» **Data excerpt**:

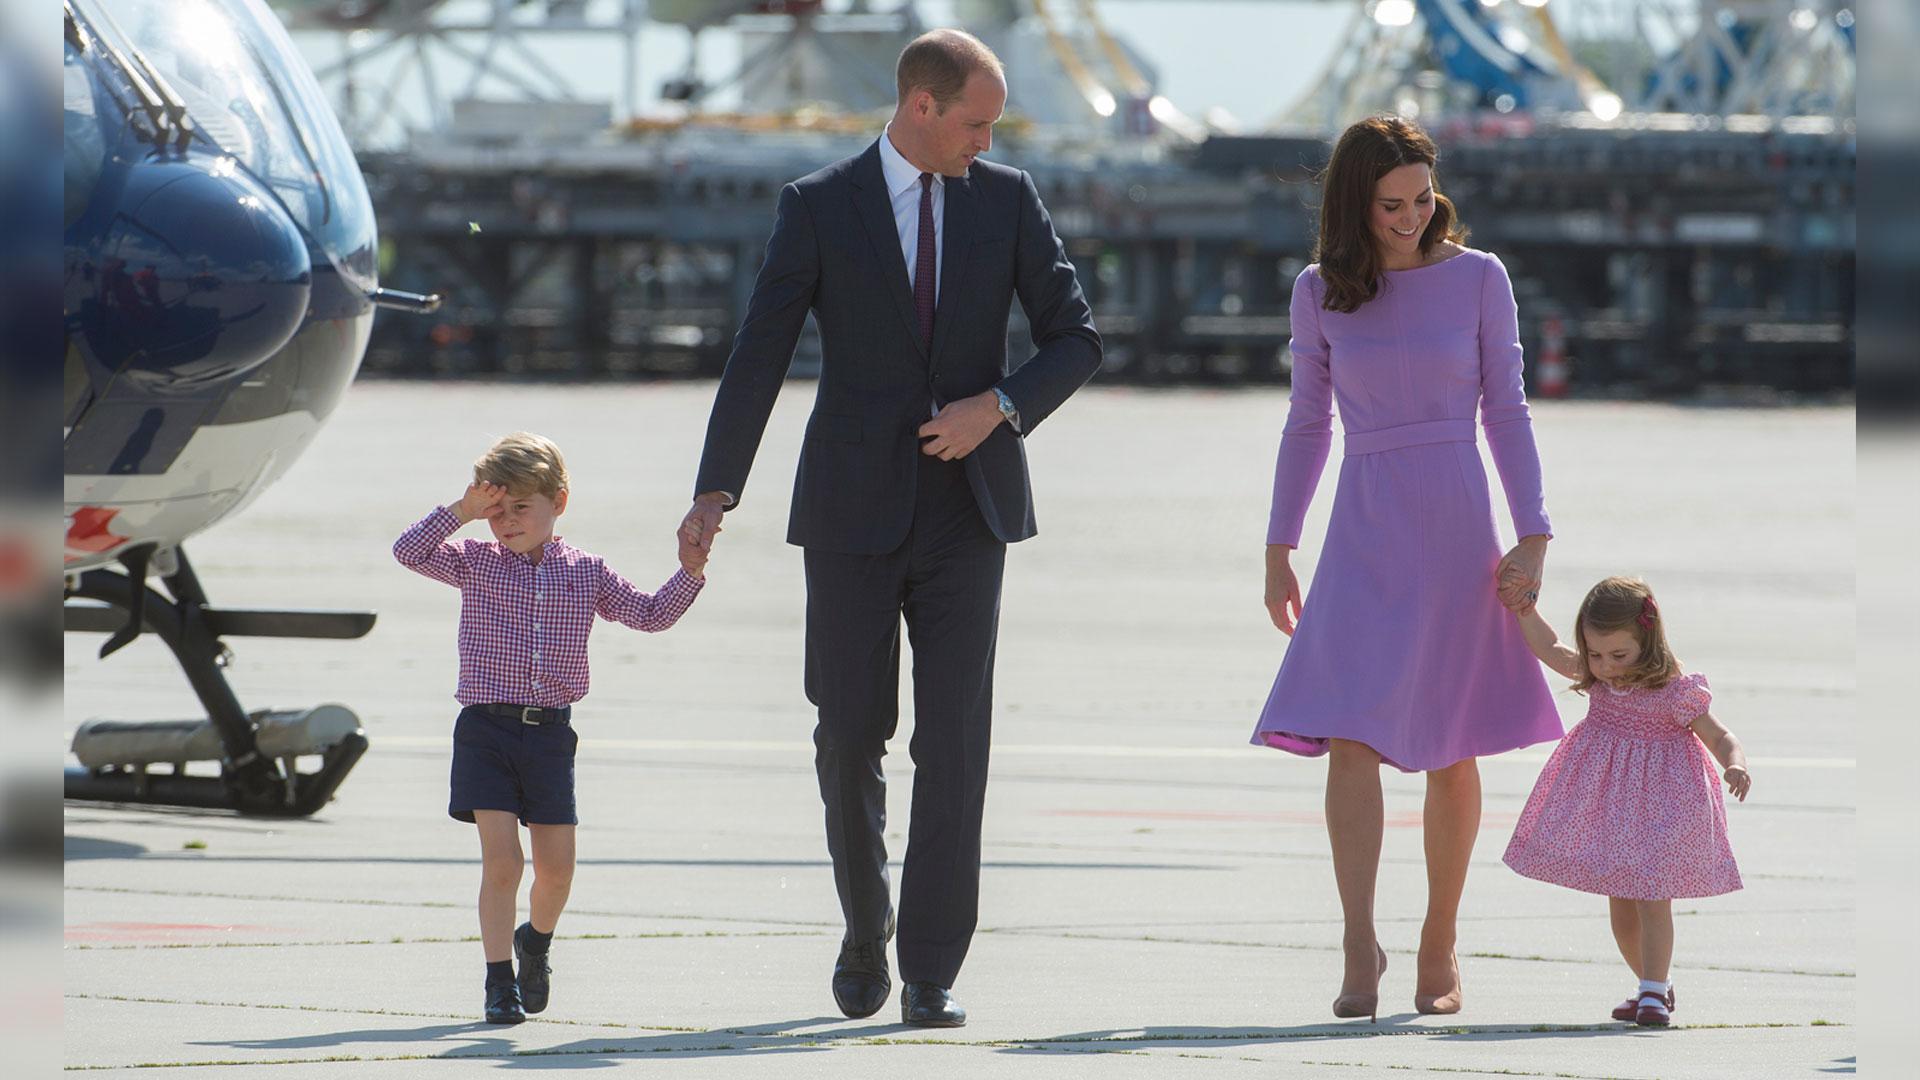 Kate Middleton y su esposo el príncipe William realizaron una gira por Alemania y Polonia junto con sus hijos, George y Charlotte. Una vez más impactaron por un look elegante y simbiótico (Getty)
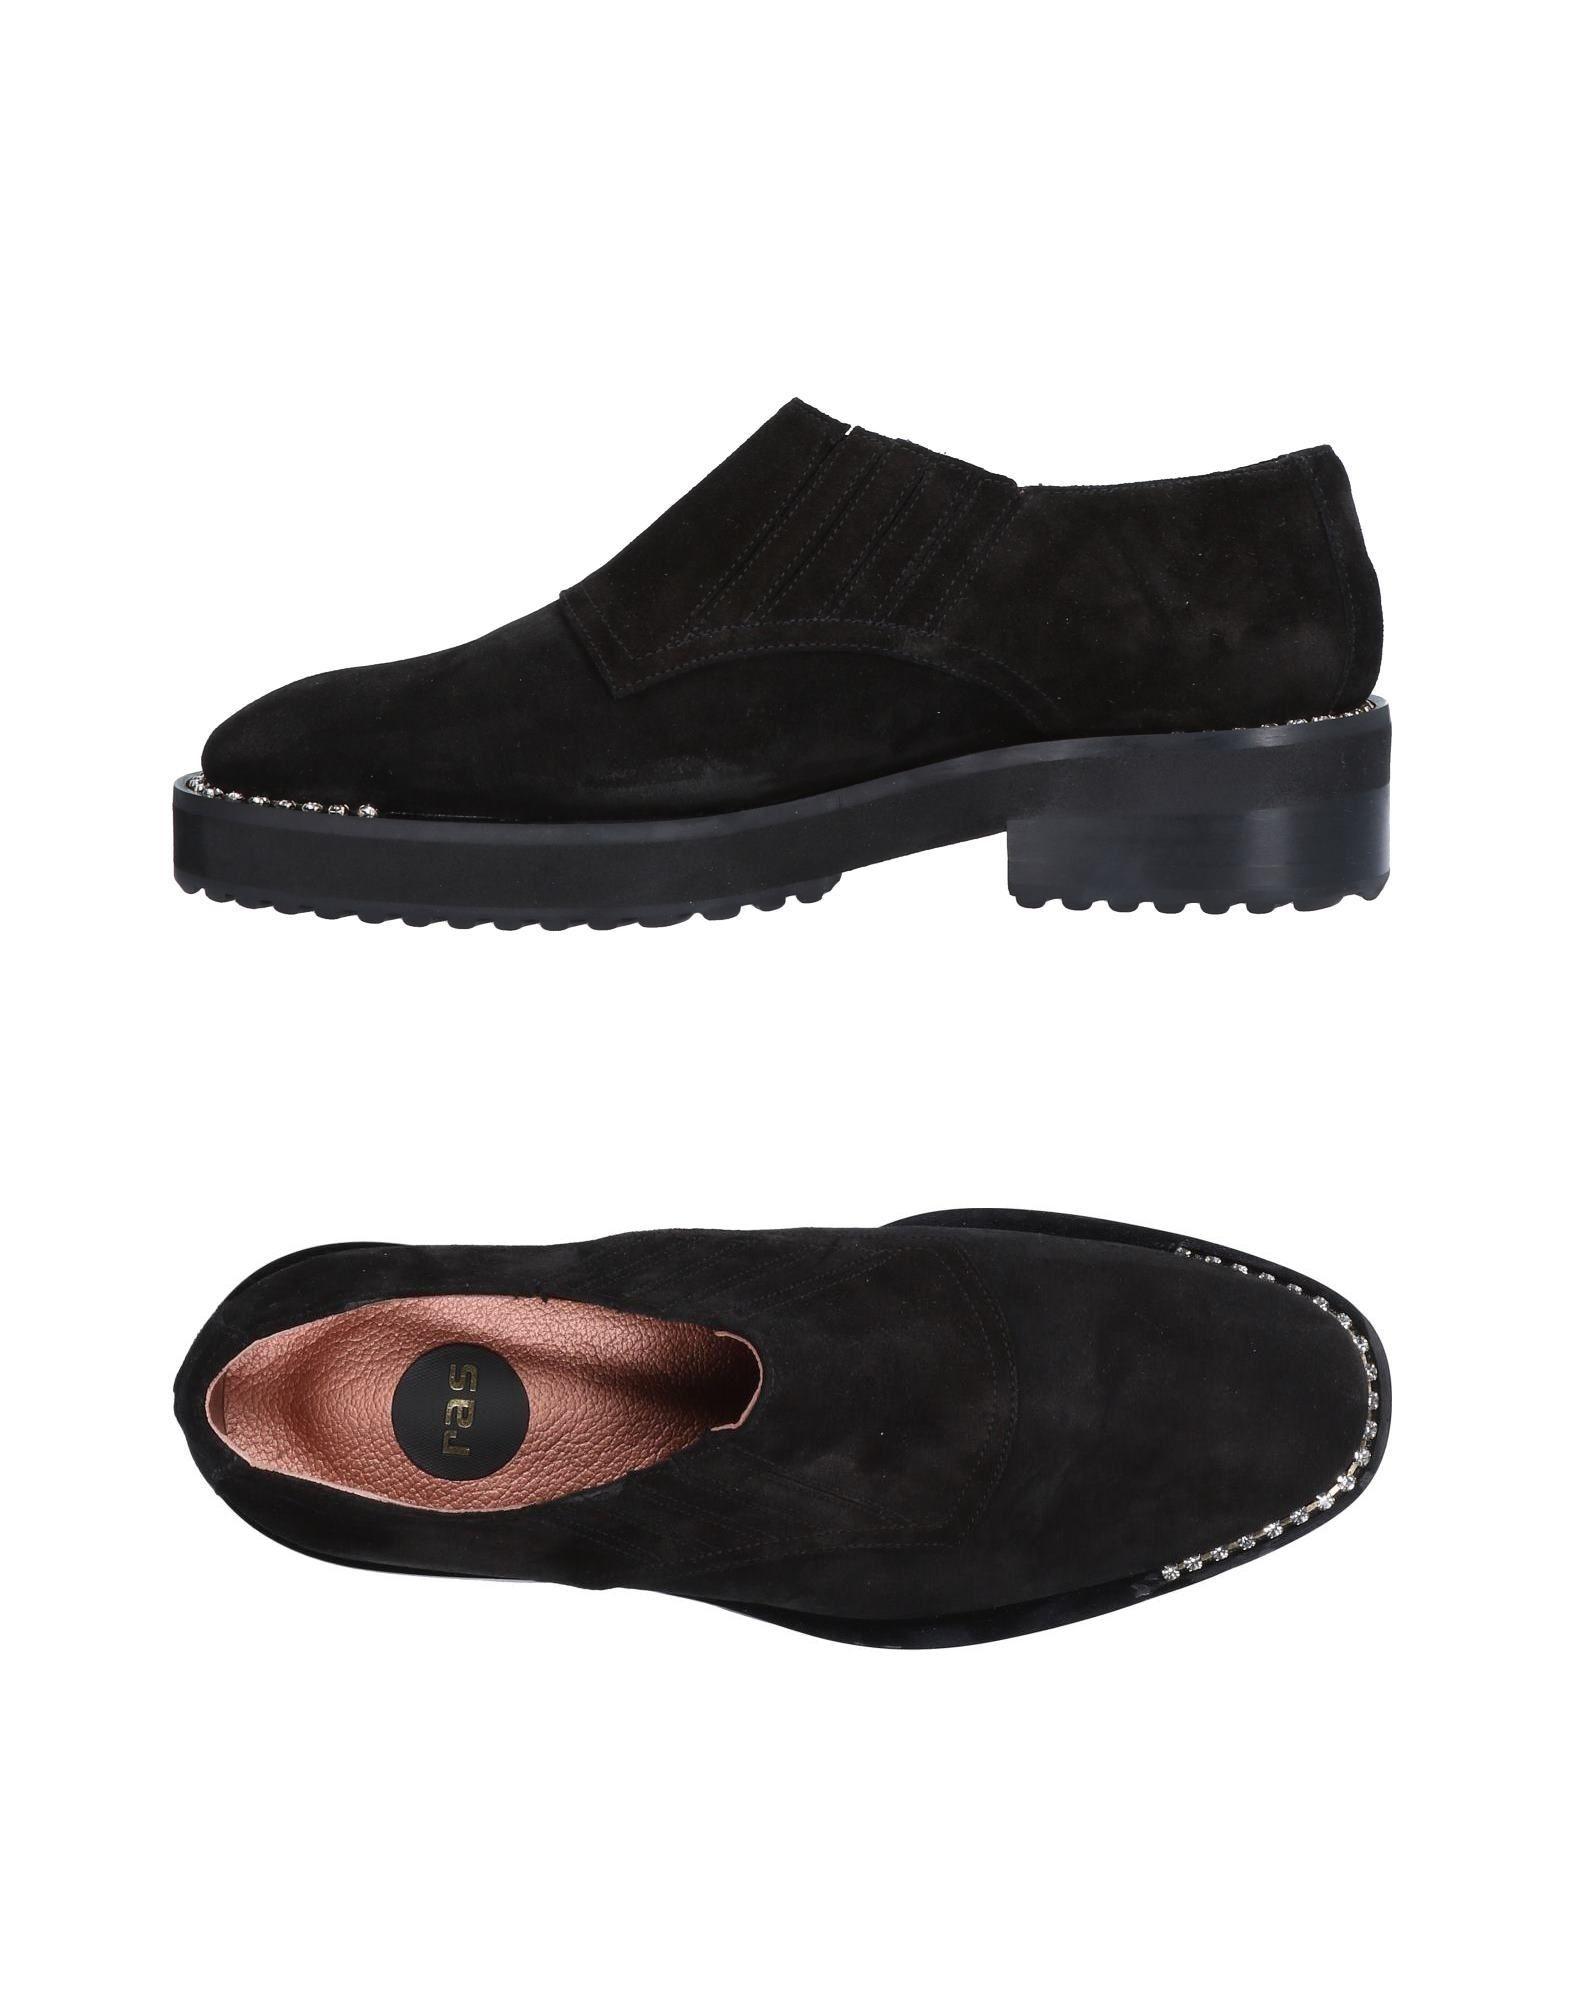 Ras Mokassins Damen  11517496WW Gute Qualität beliebte Schuhe
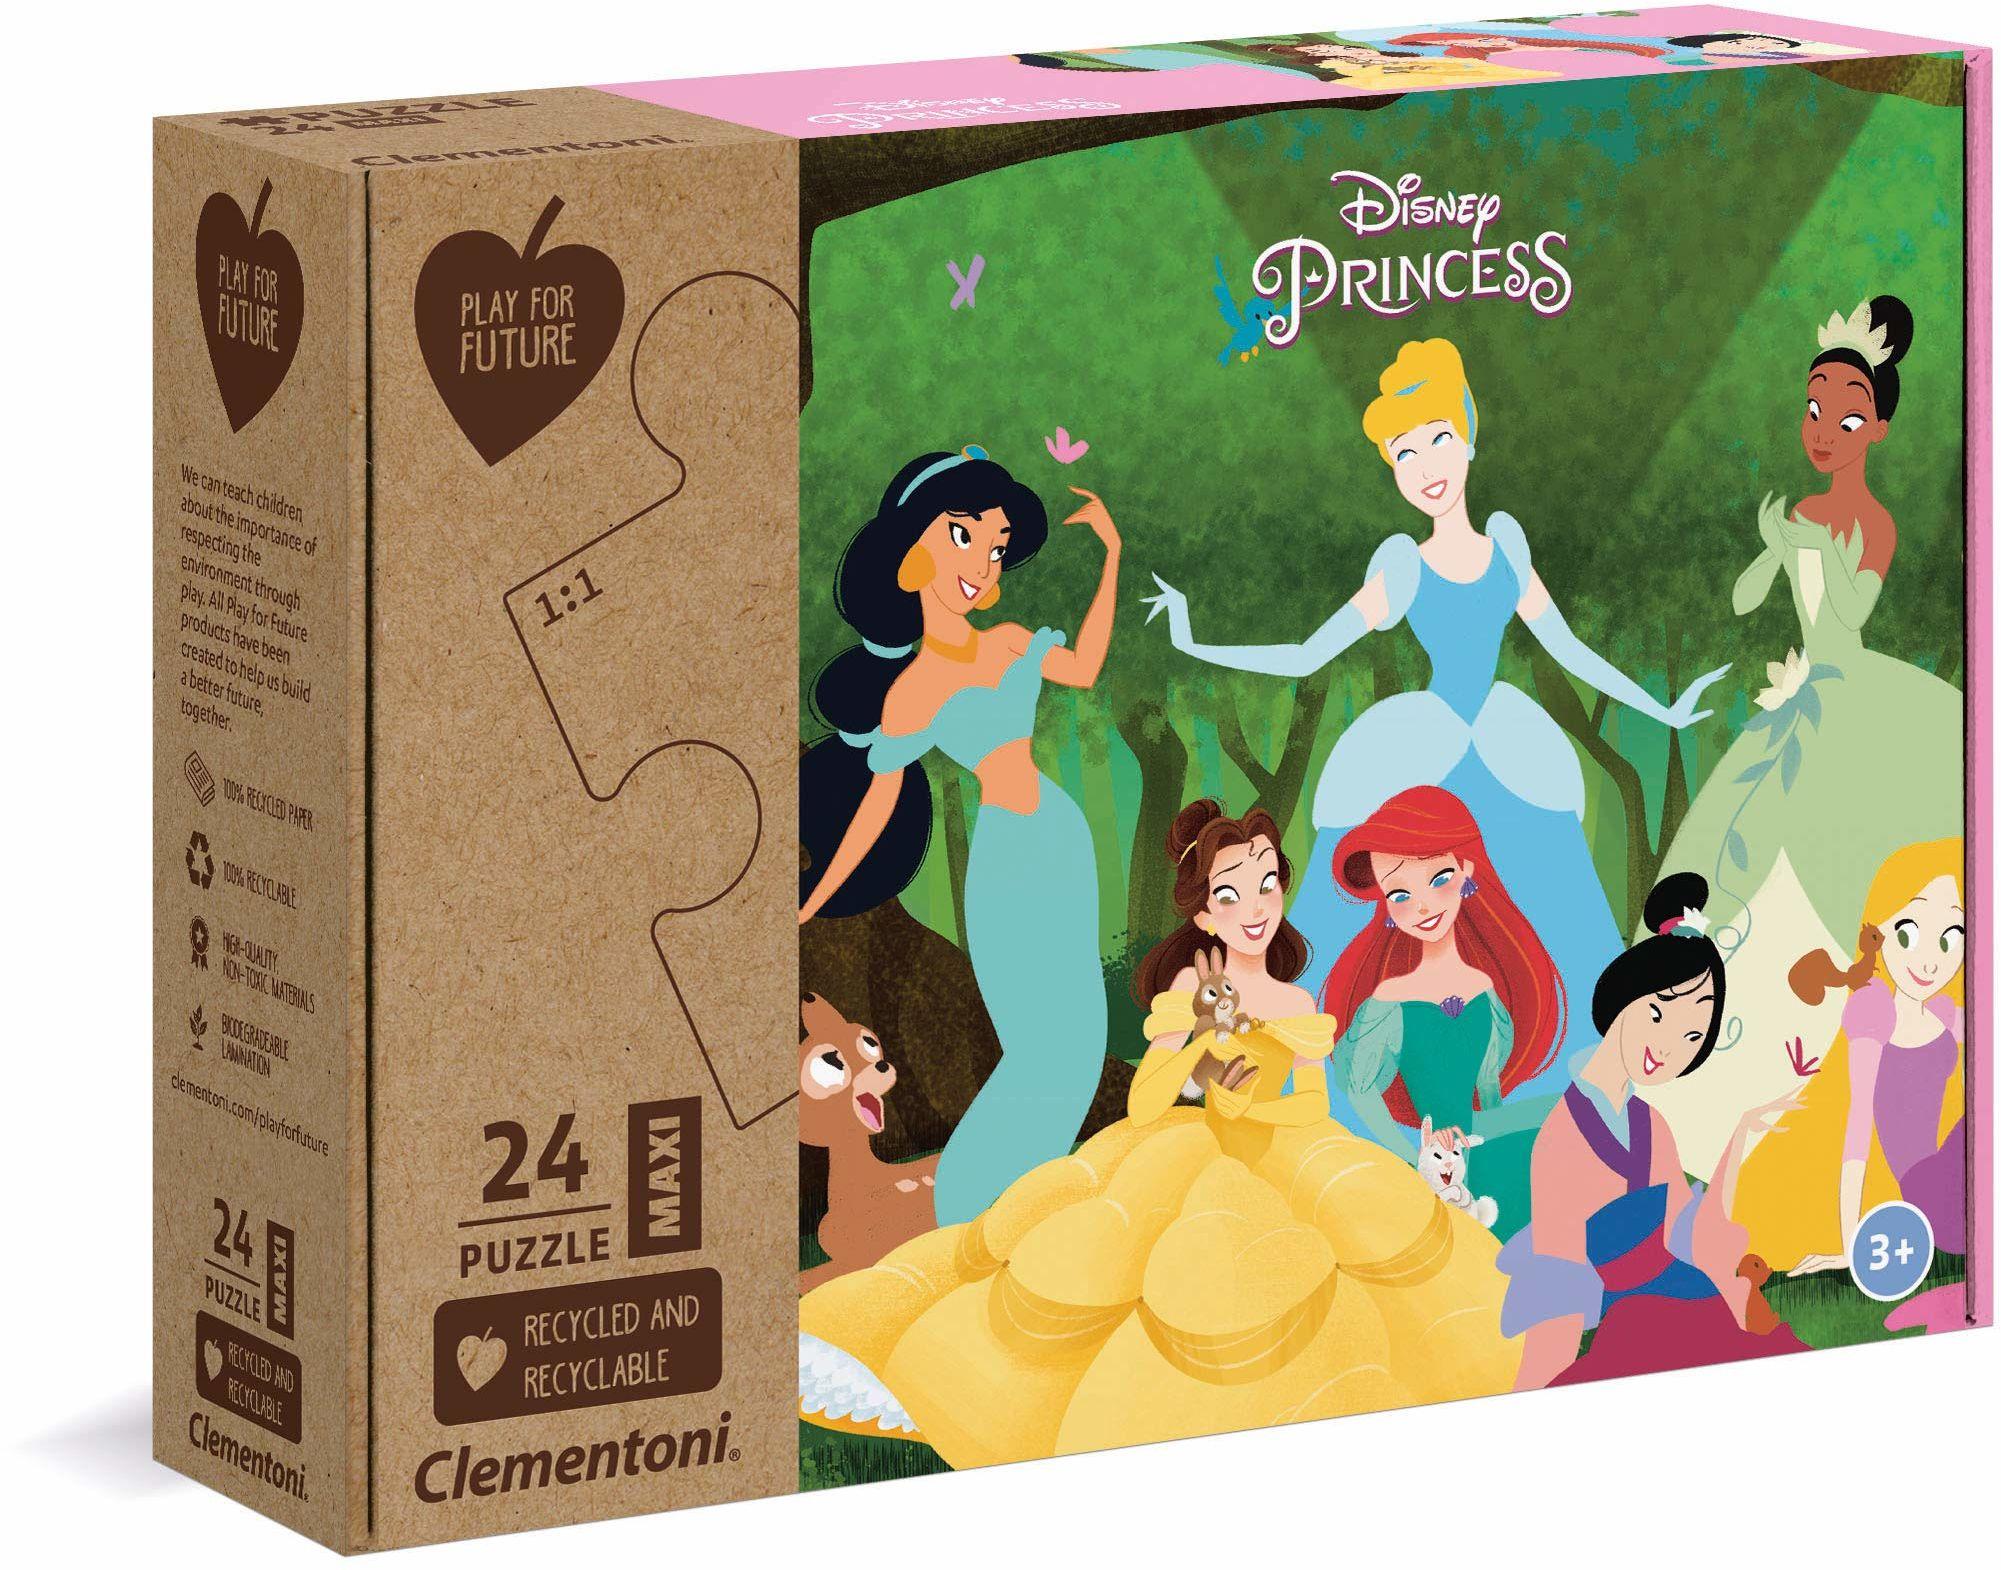 Clementoni 20257 Play for Future-Maxi Puzzle 24 części Supercolor-Princess, trwały produkt ze 100% materiałów pochodzących z recyklingu i nadających się do recyklingu, dla dzieci od 3 lat

» **Exercise**: Copy out all the data without changing anything, and drop the pictures.

» **Response to this task**:
 Kate Middleton y su esposo el príncipe William realizaron una gira por Alemania y Polonia junto con sus hijos, George y Charlotte. Una vez más impactaron por un look elegante y simbiótico (Getty)
 Ras Mokassins Damen  11517496WW Gute Qualität beliebte Schuhe
 Clementoni 20257 Play for Future-Maxi Puzzle 24 części Supercolor-Princess, trwały produkt ze 100% materiałów pochodzących z recyklingu i nadających się do recyklingu, dla dzieci od 3 lat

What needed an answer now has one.